- Theatrical release poster
- Directed by: Jack Raymond
- Written by: W. P. Lipscomb Maclean Rogers
- Based on: Mischief by Ben Travers
- Produced by: Herbert Wilcox
- Starring: Ralph Lynn Winifred Shotter Jeanne Stuart
- Cinematography: Freddie Young
- Production company: British and Dominions
- Distributed by: Woolf and Freedman
- Release date: 15 December 1931;
- Running time: 67 minutes
- Country: United Kingdom
- Language: English

= Mischief (1931 film) =

1931 film

Mischief is a 1931 British comedy film directed by Jack Raymond and starring Ralph Lynn, Winifred Shotter and Jeanne Stuart. It was written by W. P. Lipscomb and Maclean Rogers based on the 1928 farce Mischief by Ben Travers, and shot at the Elstree Studios near London.

==Plot==
When financier Reginald Bingham leaves on a business trip to Paris, normally devoted wife Eleanor leaves for a cottage with a secret boy friend. The couple are followed by friends of her husband, who attempt to hinder the affair. However, Reginald is also tempted by a fling with an old friend in Paris.

==Cast==
- Ralph Lynn as Arthur Gordon
- Winifred Shotter as Diana Birkett
- Jeanne Stuart as Eleanor Bingham
- James Carew as Reginald Bingham
- Jack Hobbs as Tom Birkett
- Maud Gill as Louise Piper
- Kenneth Kove as Bertie Pitts
- Louie Emery as Mrs.

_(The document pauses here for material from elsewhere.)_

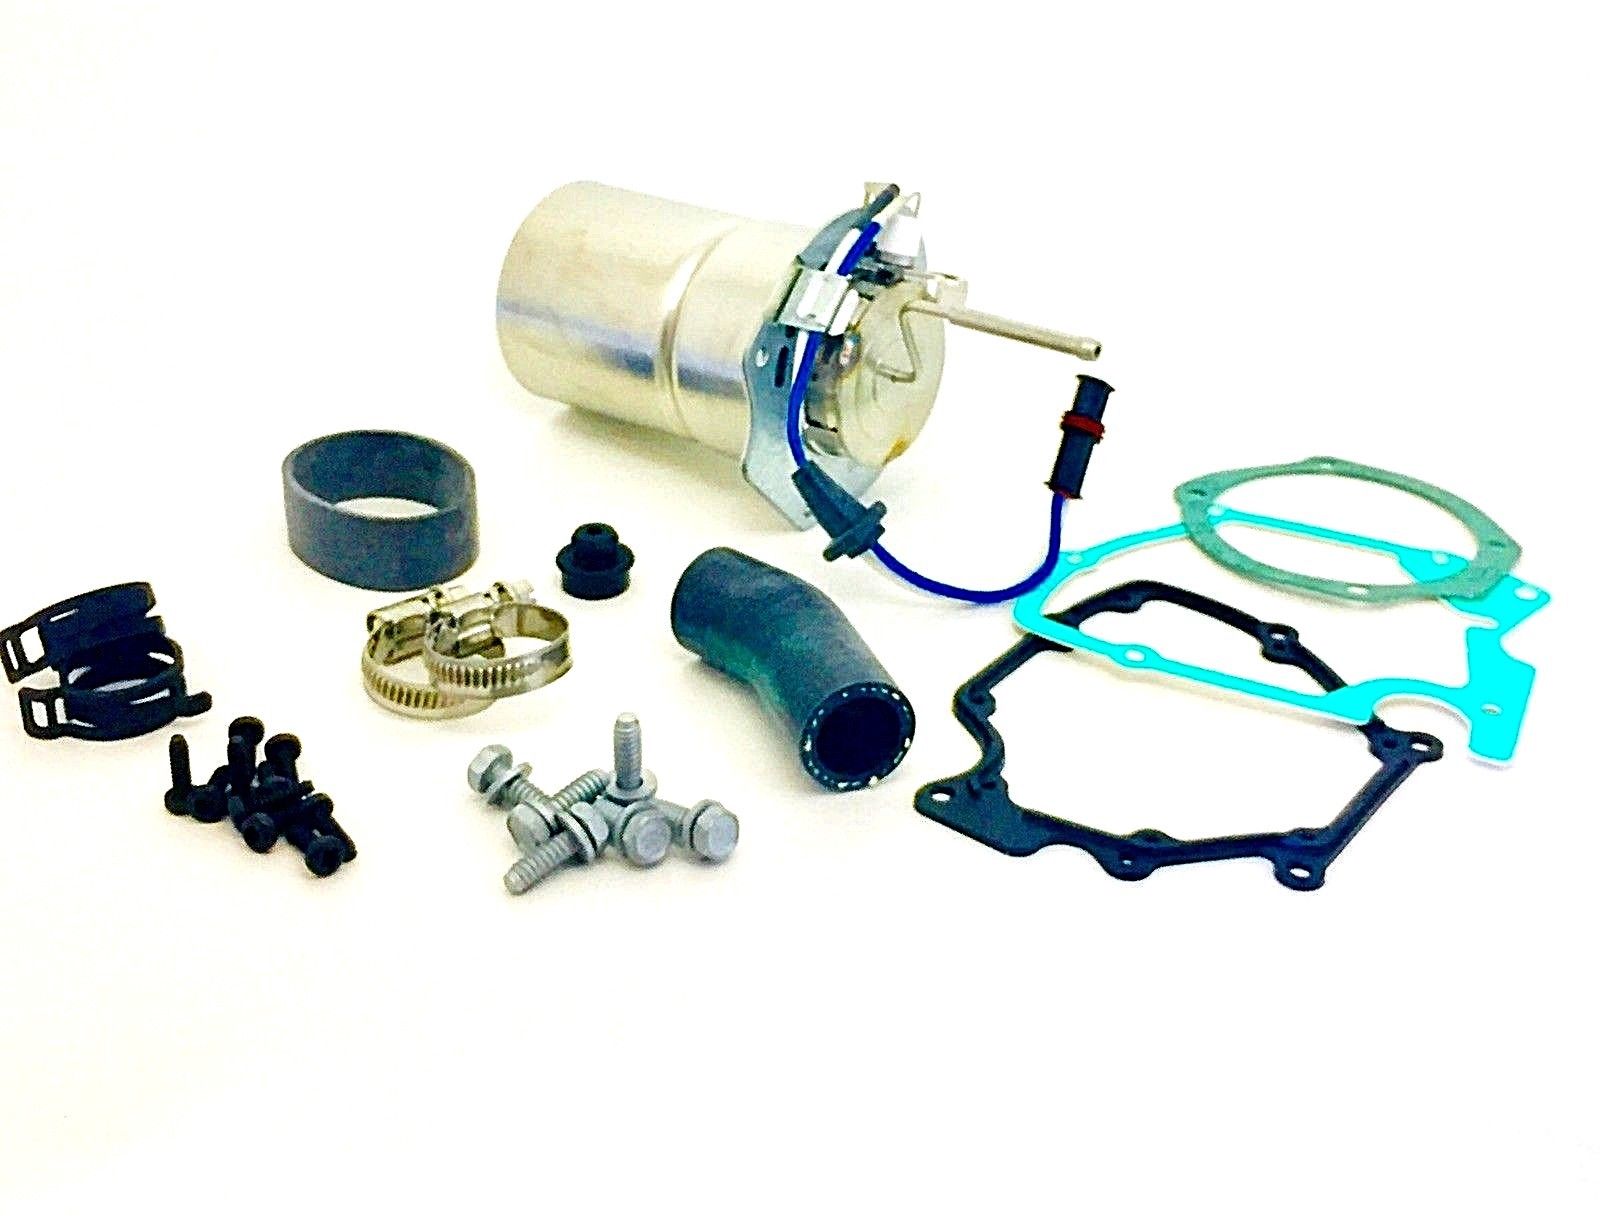 Webasto Burner Replacement Kit For Tsl17 Thermotop C 1322639A Heater Part

Easy
- A. Bromley Davenport
- Andreas Malandrinos

==Critical reception==

Picturegoer wrote: "A real riot of fun, excellently put over, and acted with a wealth of bright 'gags,' plenty of movement, and excellent settings of cabarets and English countryside. ... The whole picture is leavened with a spice of daring, which is as amusing as it is innocuous."

Film Weekly wrote: "Many of the [...] gags are familiar, and the lines are smart rather than clever, but they are put over so slickly, and with such a keen sense of humour, that they can hardly fail to amuse."

TV Guide wrote, "This British farce is a nice combination of slapstick and verbal comedy ...An above-average production for British features of this period."